Es posible que durante la década anterior no hallamos alcanzado 14 de las 20 metas que nos propusimos en Japón para frenar la pérdida de biodiversidad por esa falta de ambición que todos los sectores reclaman. Sin embargo, lo que está claro es que la situación que vivimos ahora es totalmente diferente.

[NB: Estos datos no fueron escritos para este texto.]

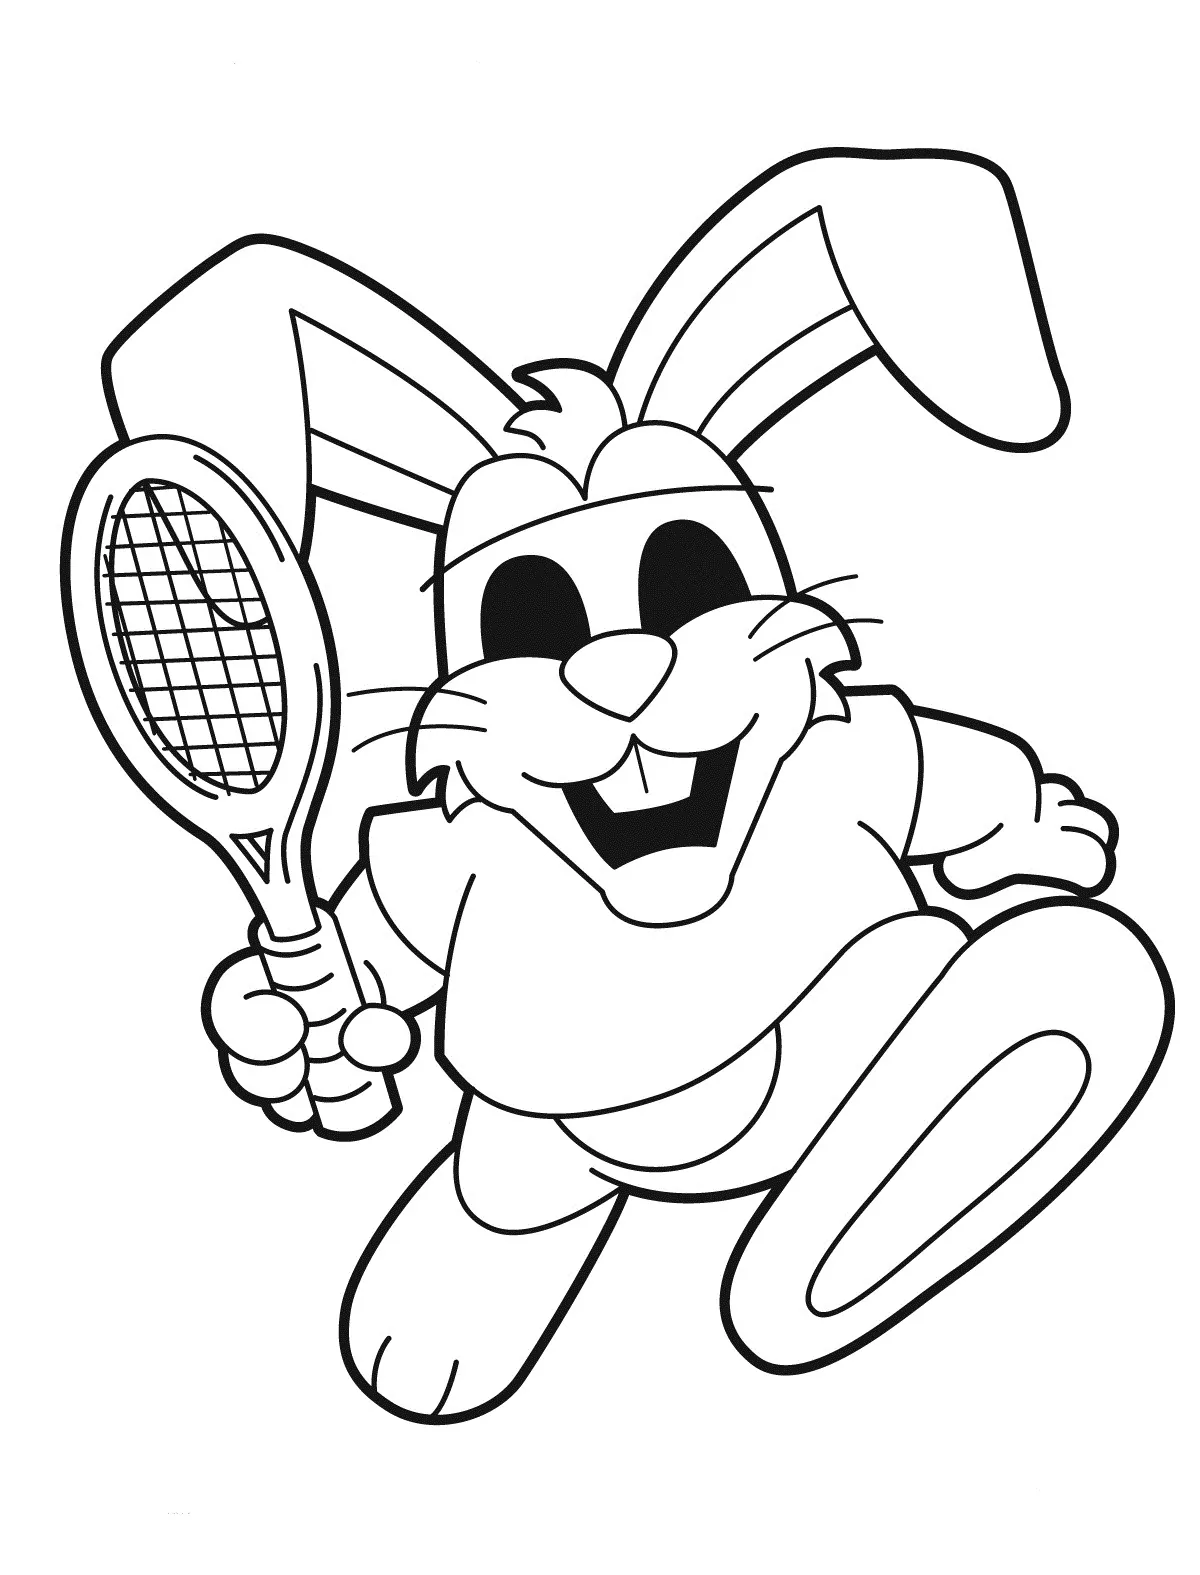 Rabbit Playing Tennis

El virus, más que un freno, ha supuesto el impulso que todos necesitábamos para darnos cuenta del futuro que nos espera si no actuamos de inmediato. Un futuro que las élites han querido comprometerse a construir desde el pasado lunes con la firma de los Compromiso de los líderes por la Naturaleza y durante Cumbre sobre Biodiversidad celebrada este miércoles.
Todo ello servirá de antesala para que los jefes de Estado y de Gobierno y otros líderes aumenten la ambición por el desarrollo de ese Acuerdo de París de la Biodiversidad que deberá ser adoptado en la 15ª Conferencia de las Partes en el Convenio sobre la Diversidad Biológica en 2021.
Debemos procurar que el 2021, al igual que se intentó con el 2020, sea ese año clave para afrontar el desafío que nos plantean las emergencias del clima y la biodiversidad y el inicio del futuro sostenible y prometedor que tanto ansiamos.
Las ganas están presentes en los discursos. Habrá que ver después si las acciones se corresponden con esa ambición. Hoy, más que nunca, urge pasar de las palabras a los hechos. Hoy, sabemos, que el futuro será verde, o -quizá- no será.